Basics of System Design

1. What happens when you hit a URL in a browser

When you hit a URL in a browser, several processes occur to retrieve and display the webpage. Here’s a simplified block diagram representing these steps:

  1. URL Entry: The user enters a URL in the browser’s address bar.
  2. DNS Lookup: The browser contacts a DNS server to resolve the domain name to an IP address.
  3. TCP Connection: The browser establishes a TCP connection with the web server using the IP address.
  4. HTTP Request: The browser sends an HTTP request to the web server for the desired resource.
  5. Server Processing: The web server processes the request and prepares an HTTP response.
  6. HTTP Response: The server sends the HTTP response back to the browser.
  7. Rendering: The browser renders the received content and displays it to the user.

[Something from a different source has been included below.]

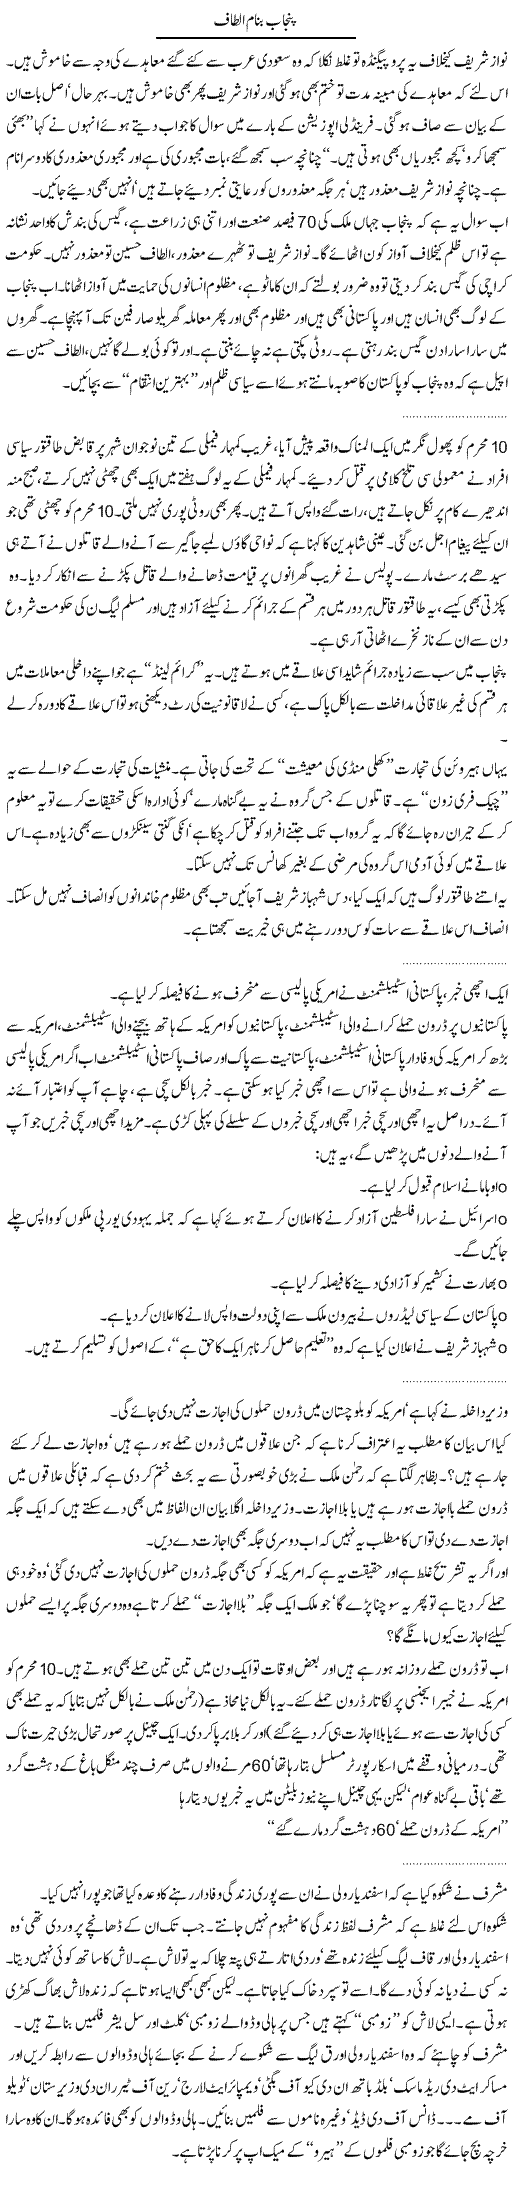 Punjab Altaf Express Column Abdullah Tariq 21 December 2010
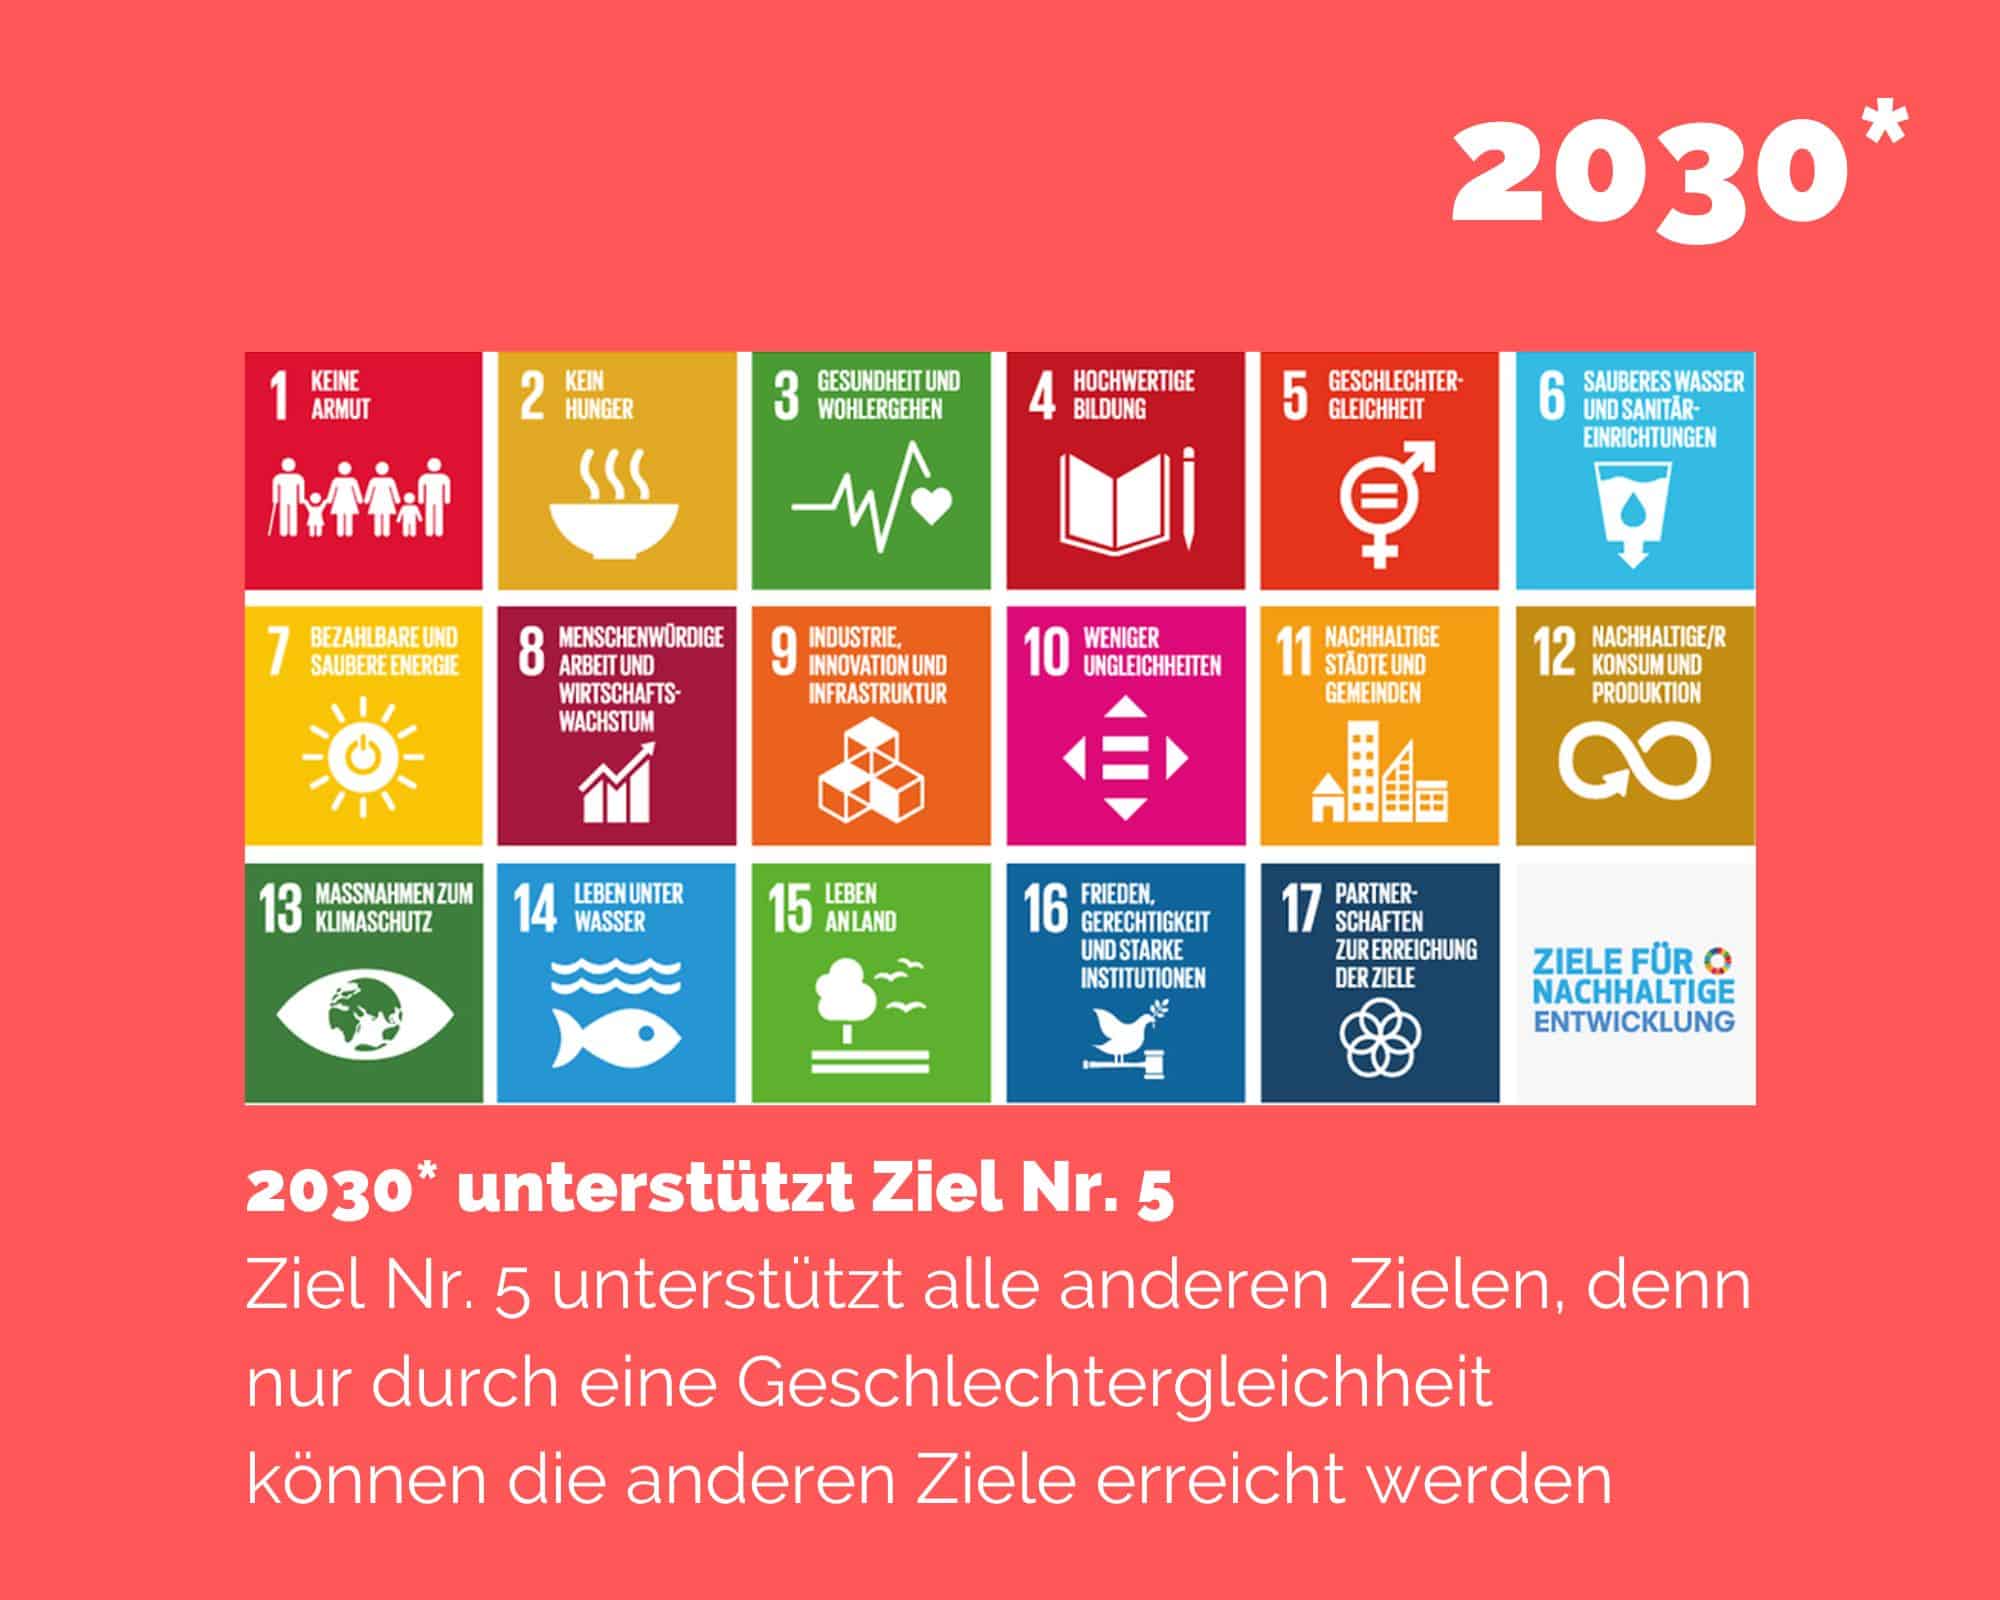 Die Ziele der Agenda 2030

Here’s a simple block diagram:

+---------+       +-----------+       +---------+       +--------+       +---------+       +---------+       +---------+       +---------+
|  User   |--->---|  Browser  |--->---|  DNS    |--->---|  IP    |--->---|  TCP    |--->---|  HTTP   |--->---|  Server  |--->---| Browser |
| Action  |       |           |       | Lookup  |       | Address|       | Conn.   |       | Request |       | Process  |       | Rendering |
+---------+       +-----------+       +---------+       +--------+       +---------+       +---------+       +---------+       +---------+

This diagram highlights the main components and interactions involved when a URL is hit in a browser.


2. Distributed Systems

Characteristics of Distributed Systems

  • Multiple independent components interact to achieve a common goal.
  • Scalability, fault tolerance, and transparency.
  • Examples include distributed databases, cloud computing, and microservices.

CAP Theorem

  • Consistency: Every read receives the most recent write.
  • Availability: Every request receives a response, without guarantee of the most recent write.
  • Partition Tolerance: The system continues to operate despite network partitions.
  • A distributed system can only provide two out of the three guarantees simultaneously.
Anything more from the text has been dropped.